▶ [Exercise instructions]: Write the listing out once more, identical to the original but without pictures.

▶ [Information supplied]:
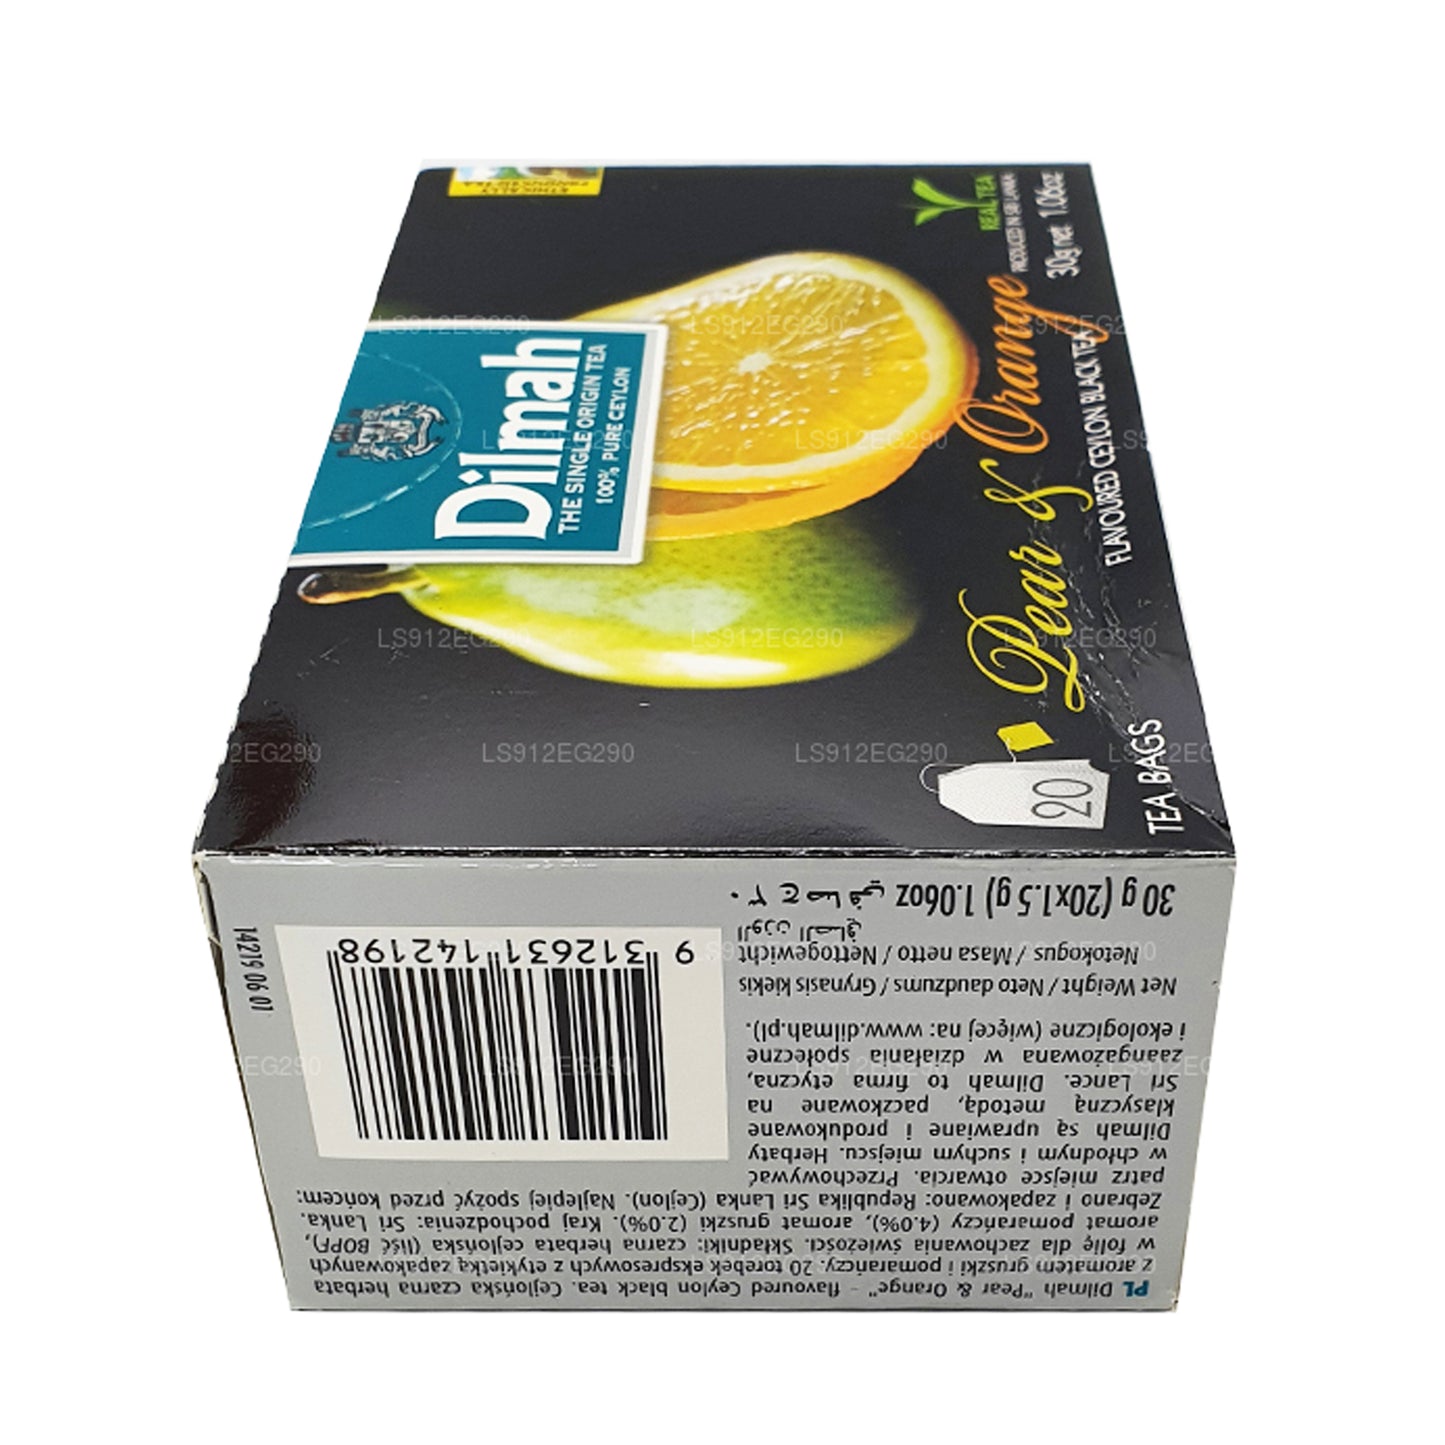 Dilmah Pear and Orange 味锡兰红茶 (30g) 20 茶包
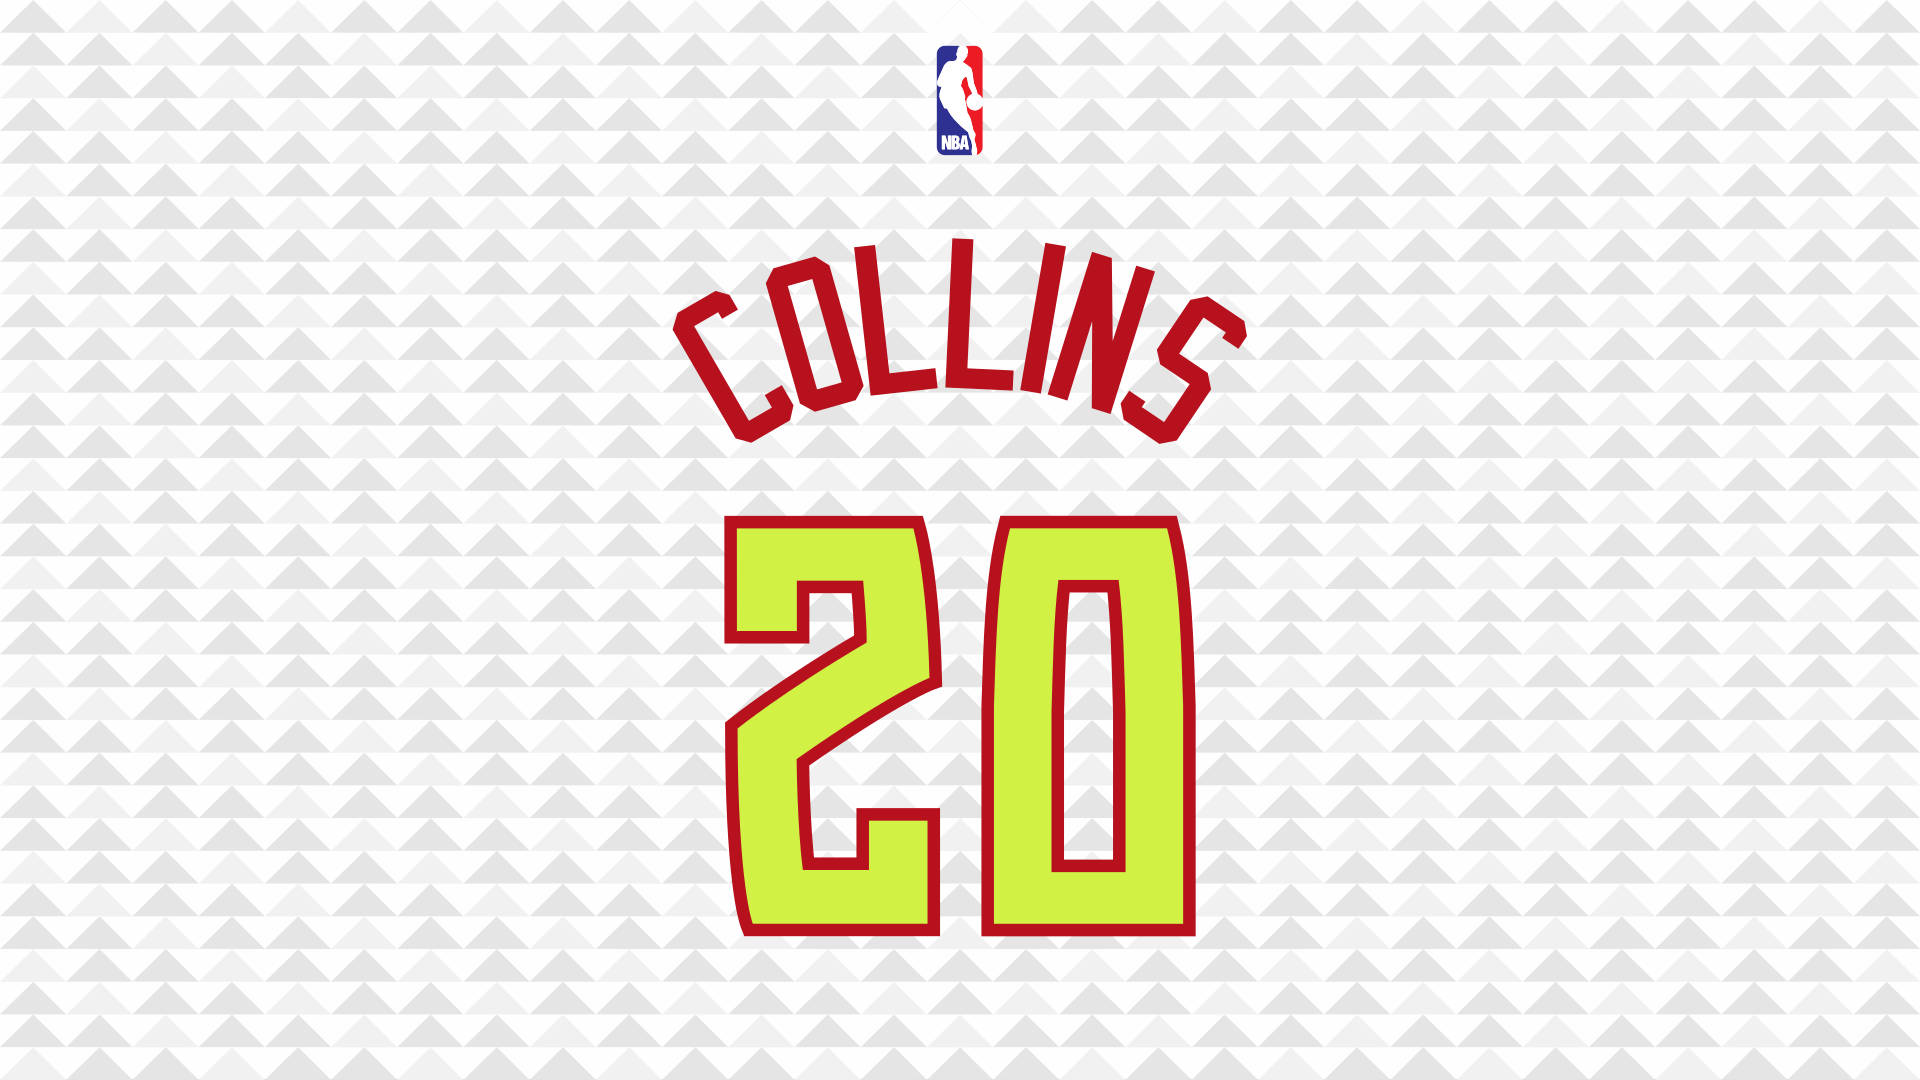 John Collins Player Number Poster Background
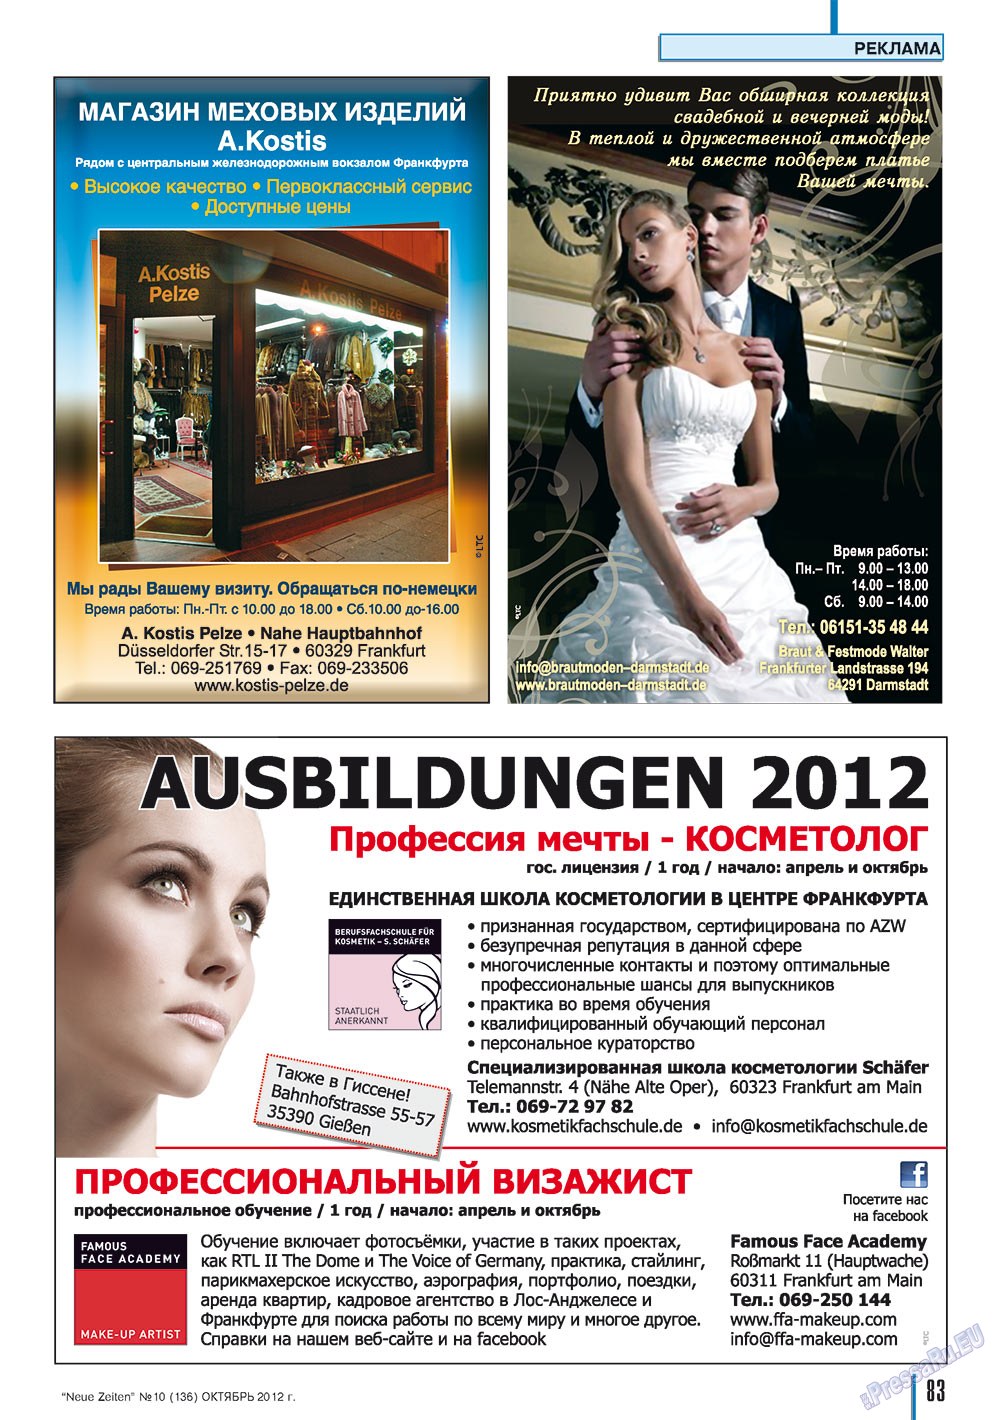 Neue Zeiten (журнал). 2012 год, номер 10, стр. 83
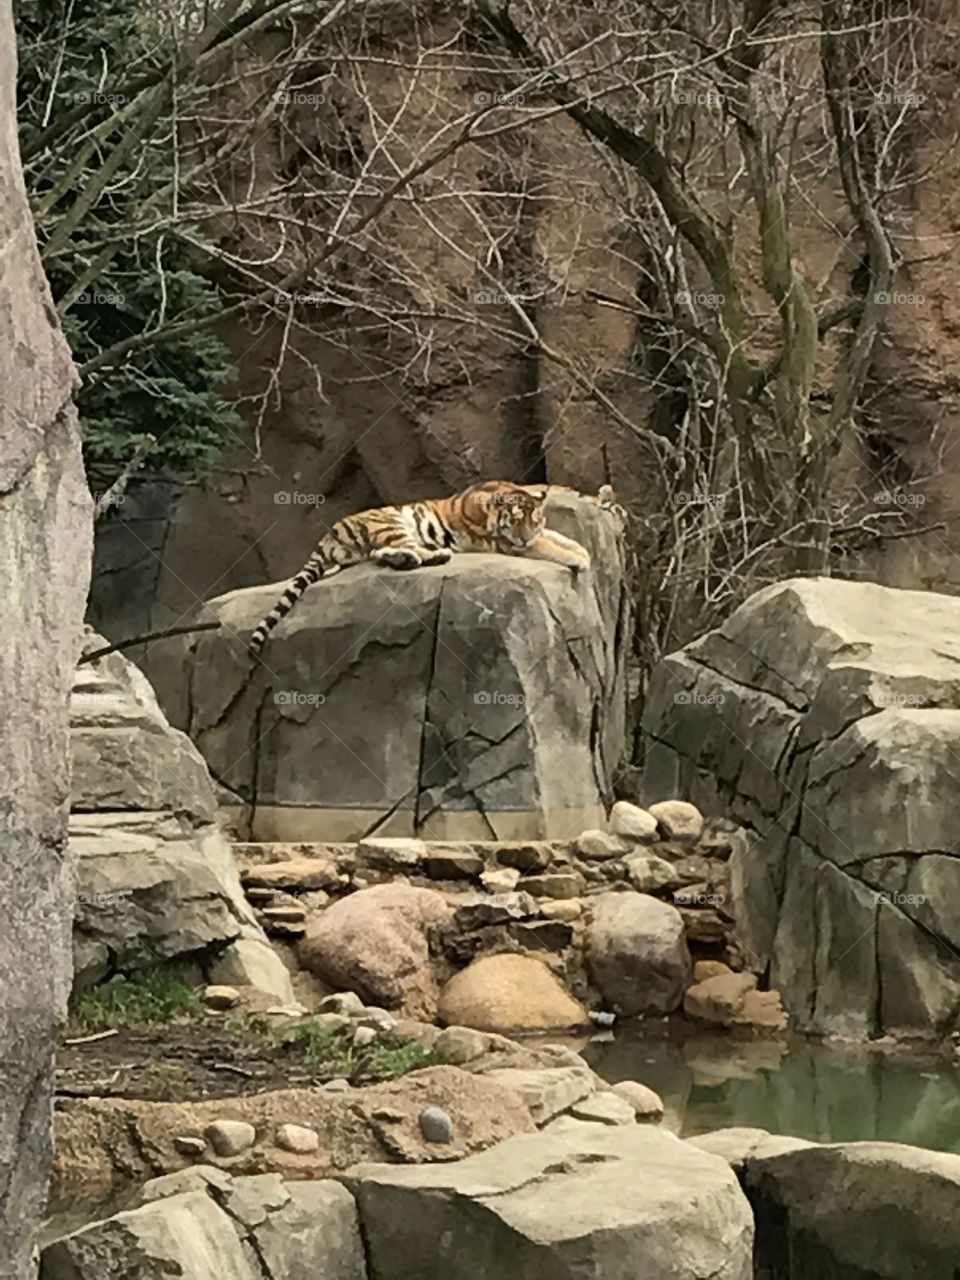 Amur tiger

▶ [Result]:
 Dilmah Pear and Orange 味锡兰红茶 (30g) 20 茶包
 John Collins Player Number Poster Background
 Neue Zeiten (журнал). 2012 год, номер 10, стр. 83
 Amur tiger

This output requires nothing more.